Percentagens relevantes de portadores de talassemia são registrados no
Canadá, nos Estados Unidos, no Brasil, na Argentina, na Índia, na Austrália e
em outros países.
A beta-talassemia (β talassemia) ocorre quando há uma redução das
cadeias beta da globina que se encontram estruturalmente normais. É causada
por mutações heterogêneas que afetam o locus da cadeia da beta-globina.
Esses defeitos genéticos levam a reduções variáveis da beta-globina, variando
de mínimo déficit, como ocorre na β+ talassemia, até a ausência completa,
como na βo talassemia.
Na β talassemia, a síntese da cadeia alfa (α) é normal, resultante de os
genes da alfa-globina não serem afetados, o que desenvolve um acúmulo de
precursores eritróides, originados no excesso de alfa-globina não-pareada, a
qual não é capaz de formar tetrâmeros viáveis, produzindo corpúsculos de
inclusão que são responsáveis pela destruição intramedular extensa de
precursores eritróides, sendo os causadores da eritropoiese ineficaz que
caracterizam as β talassemias.
A anemia da β talassemia é complexa e resultante da combinação entre
eritropoiese ineficaz, hemólise e redução da síntese de hemoglobina.
A β talassemia clássica é herdada como uma herança mendeliana
haplo-insuficiente recessiva. A mais severa é a βo talassemia, que é
caracterizada pela completa ausência de Hb A (α β ), resultando da herança de
dois alelos βo.
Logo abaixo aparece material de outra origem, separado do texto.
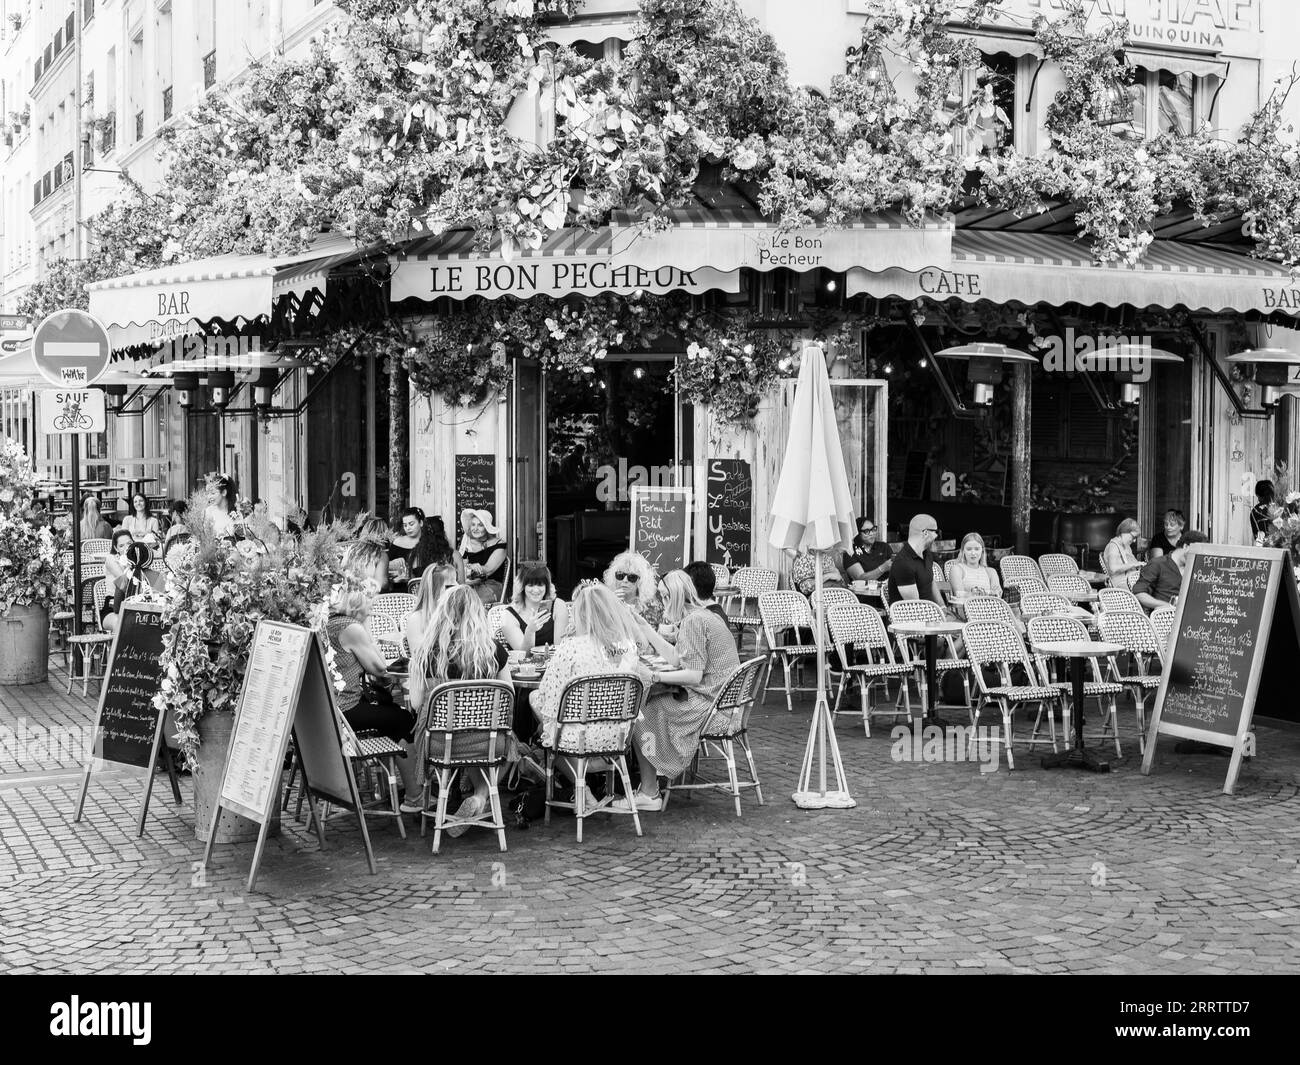 Hen Party, Le Bon Pecheur, Outdoors Seating, Paris, France, Europe, EU. Stock Photo

Esta alteração é responsável pelos pacientes com talassemia
major que apresentam anemia profunda aos 6 meses de idade e que devem
ser submetidos a transfusões regulares de hemácias para sua sobrevivência.
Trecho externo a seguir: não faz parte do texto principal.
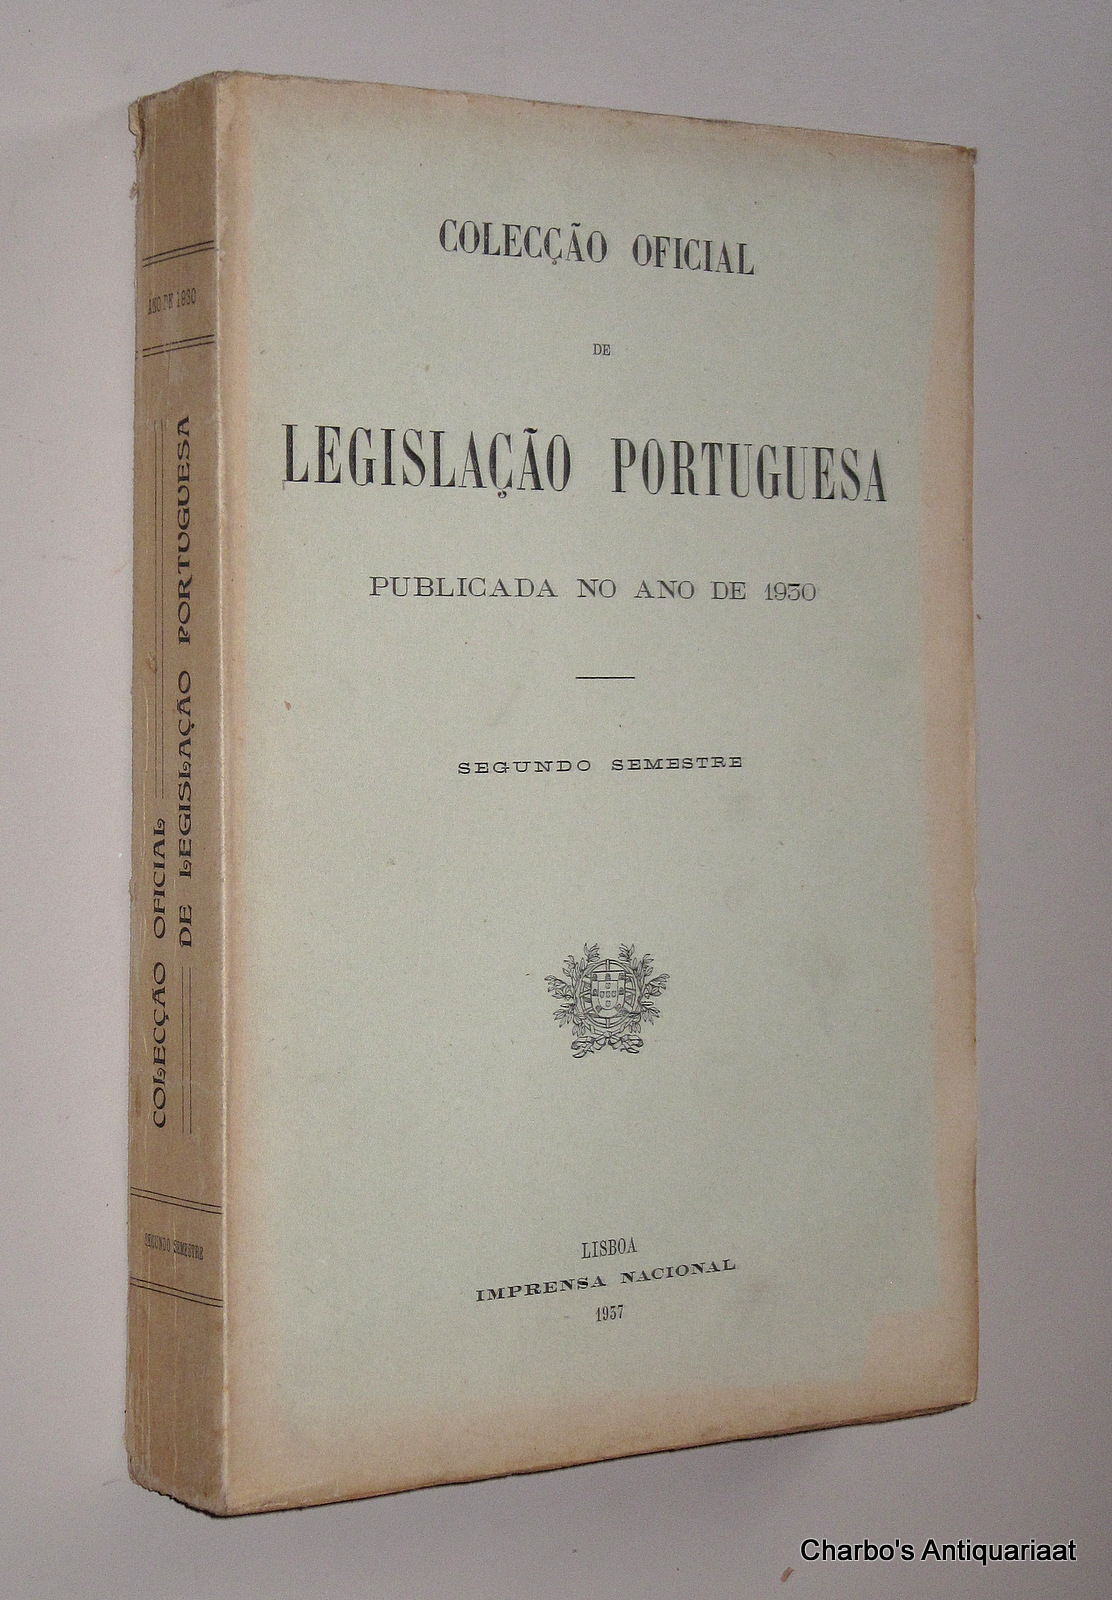 N/A, -  Coleco oficial de legislao portuguesa, publicada no ano de 1930, Segundo semestre.

Indivíduos que tenham herdado um único alelo β talassêmico (βo ou β+)
possuem o chamado traço talassêmico. Geralmente, são assintomáticos,
manifestando uma anemia leve hipocrômica microcítica, elevados níveis de Hb
A (α & ) e níveis variáveis de Hb F (α γ ).
A herança de dois alelos de β talassemia nem sempre leva a quadros de
talassemia major. Muitos pacientes com esses dois alelos têm uma doença
mais leve, variando desde uma dependência menos constante de transfusão
até quadros que se confundem com indivíduos com traço talassêmico. Esses
indivíduos são chamados de talassêmicos intermédios.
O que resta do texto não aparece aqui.